TUCSON — Hot and dry air, perfused with a scent reminiscent of a warmed hair straightener, stuffed a hangar-sized room beneath the football stadium at the University of Arizona. The space, part of the Richard F. Caris Mirror Lab, was dominated by a gyrating, carousel-sized furnace, fire truck red and shaped like a flying saucer. The swirling cocoon of a colossal light collector.
In the heart of that inferno, nearly 17,500 kilograms of borosilicate glass — roughly four semitruck loads — had melted into a crystal clear fluid. If all goes to plan, the molten material will anneal to form the body of an enormous mirror — one as tall as a two-story house, if stood on edge. The mirror is the last of seven needed to capture light for what will be the world’s most powerful optical instrument, the Giant Magellan Telescope.

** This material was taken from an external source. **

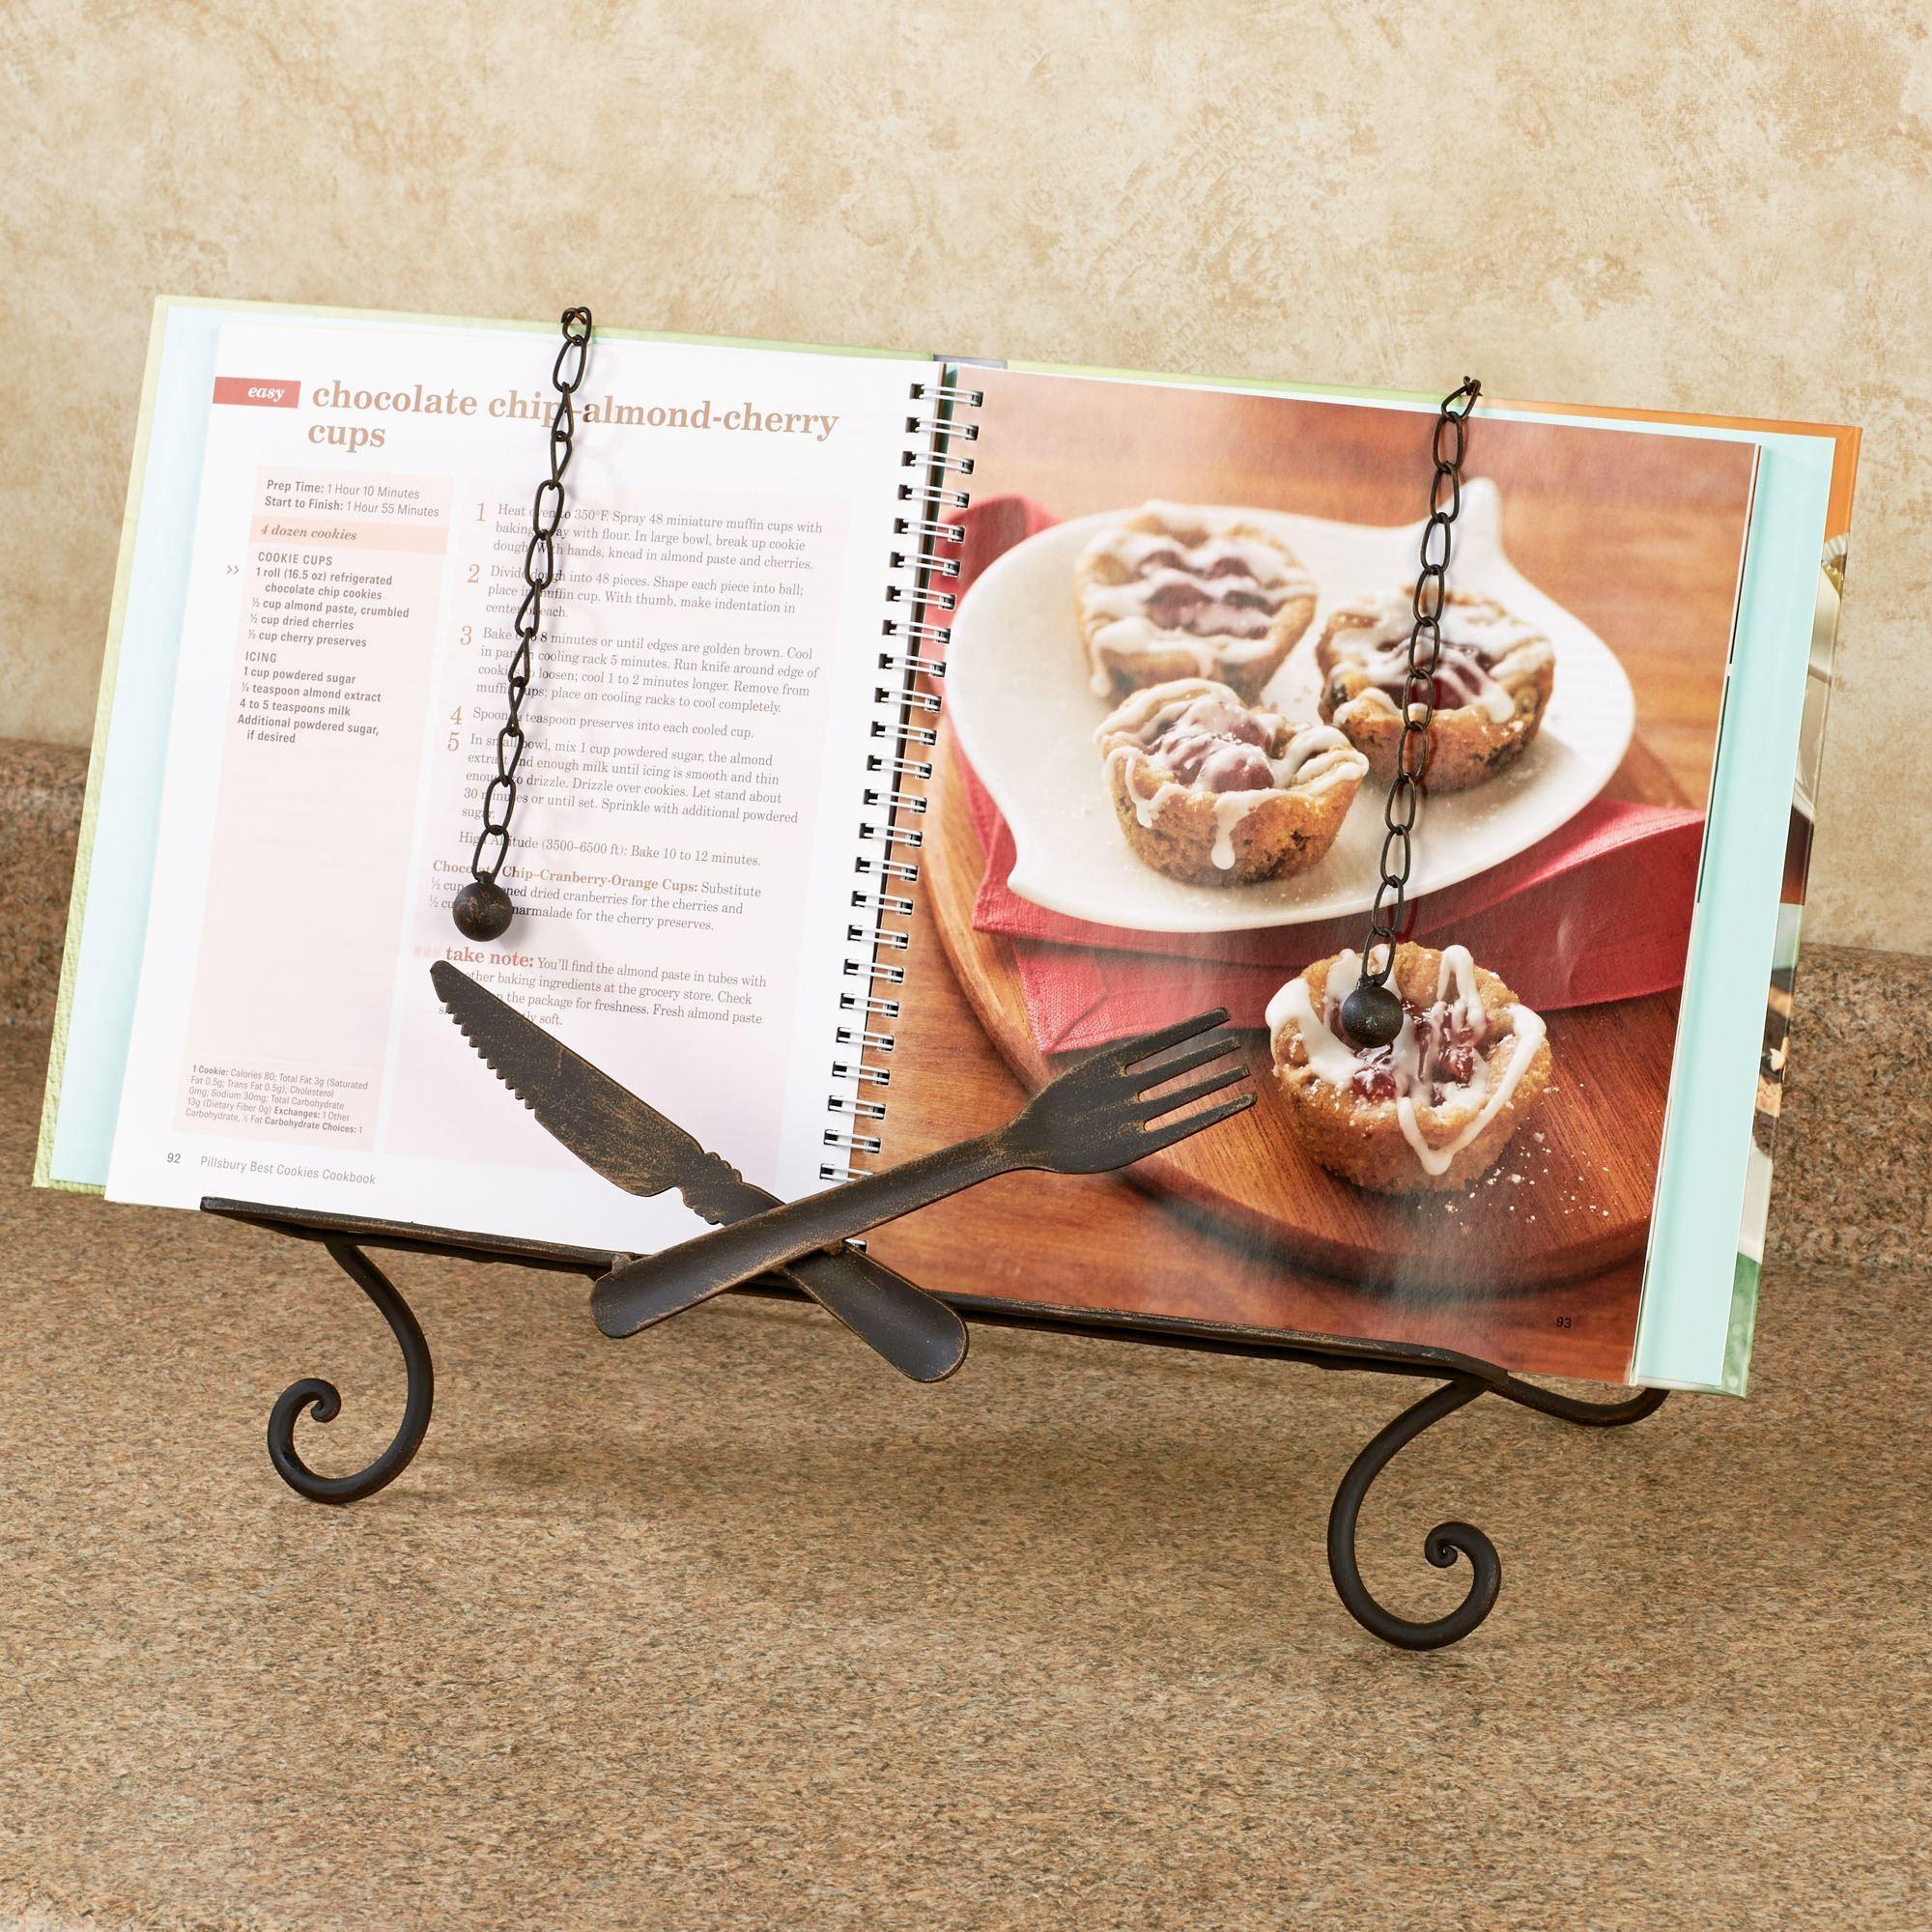 bon appetit fork and knife kitchen cookbook stand. Black Bedroom Furniture Sets. Home Design Ideas
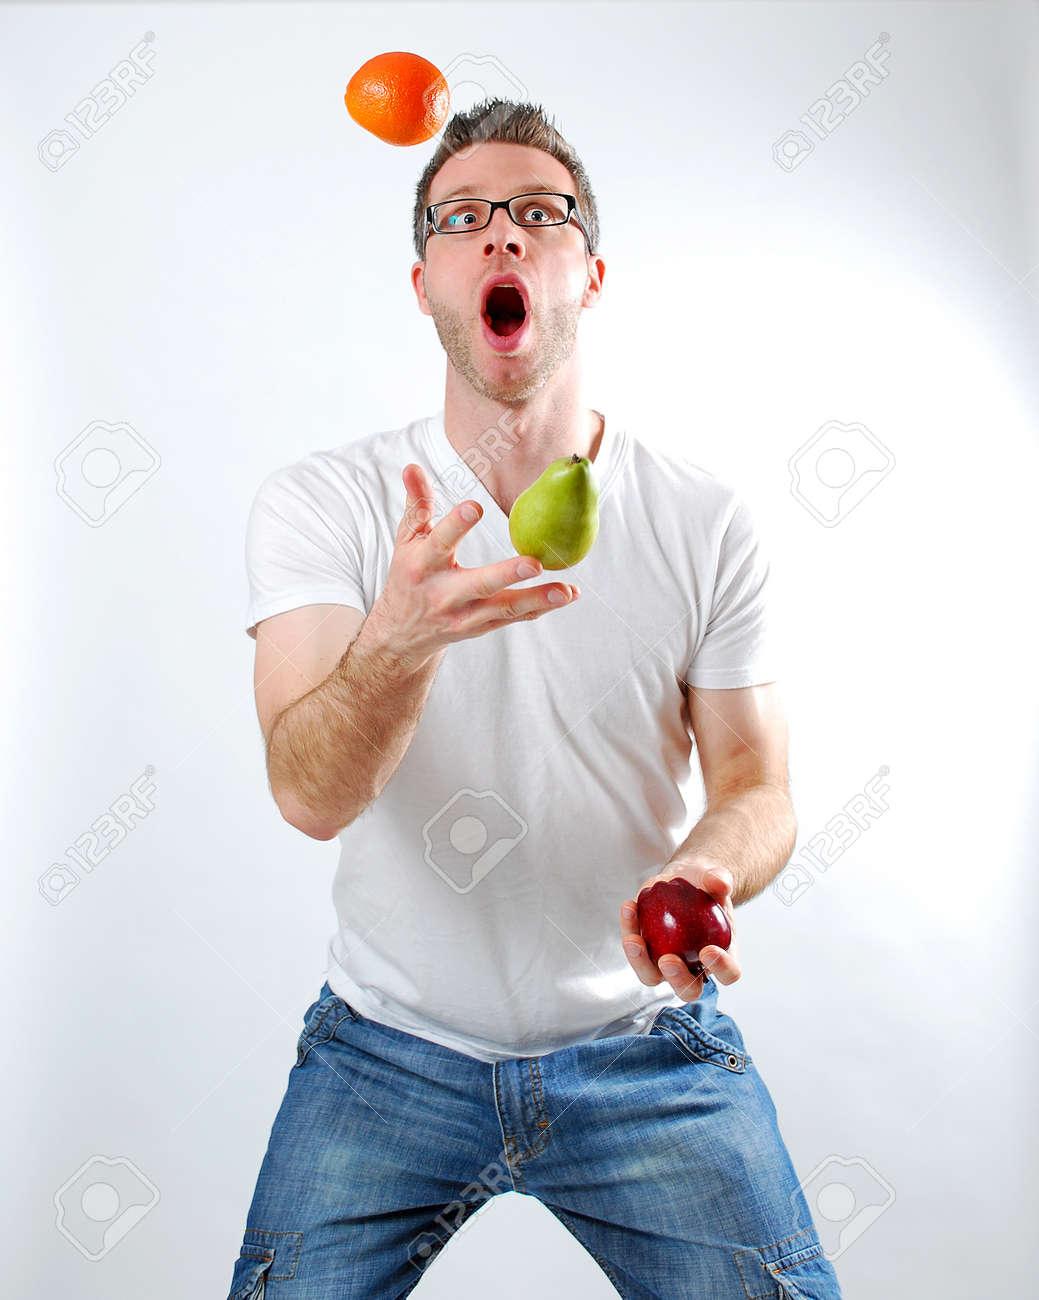 Image of a man juggling fruit - 13385006

Slated to start operating in the late 2020s, the telescope, developed by an international consortium of research institutions, will repose on a mountaintop in Chile’s Atacama Desert, beneath some of the clearest night skies on Earth. There, within a yet-to-be-built, 22-story enclosure, the seven primary mirrors will be united in a flowerlike formation, Januzzi explains. “We’ve got six petals, and one in the middle.”
Together, the mirrors will function as a single unit, about as wide as an adult blue whale is long, that reflects light into the telescope’s secondary mirrors and, ultimately, its scientific instruments. This shiny expanse will provide the new telescope with an image resolution at least four times that of today’s most advanced space telescopes.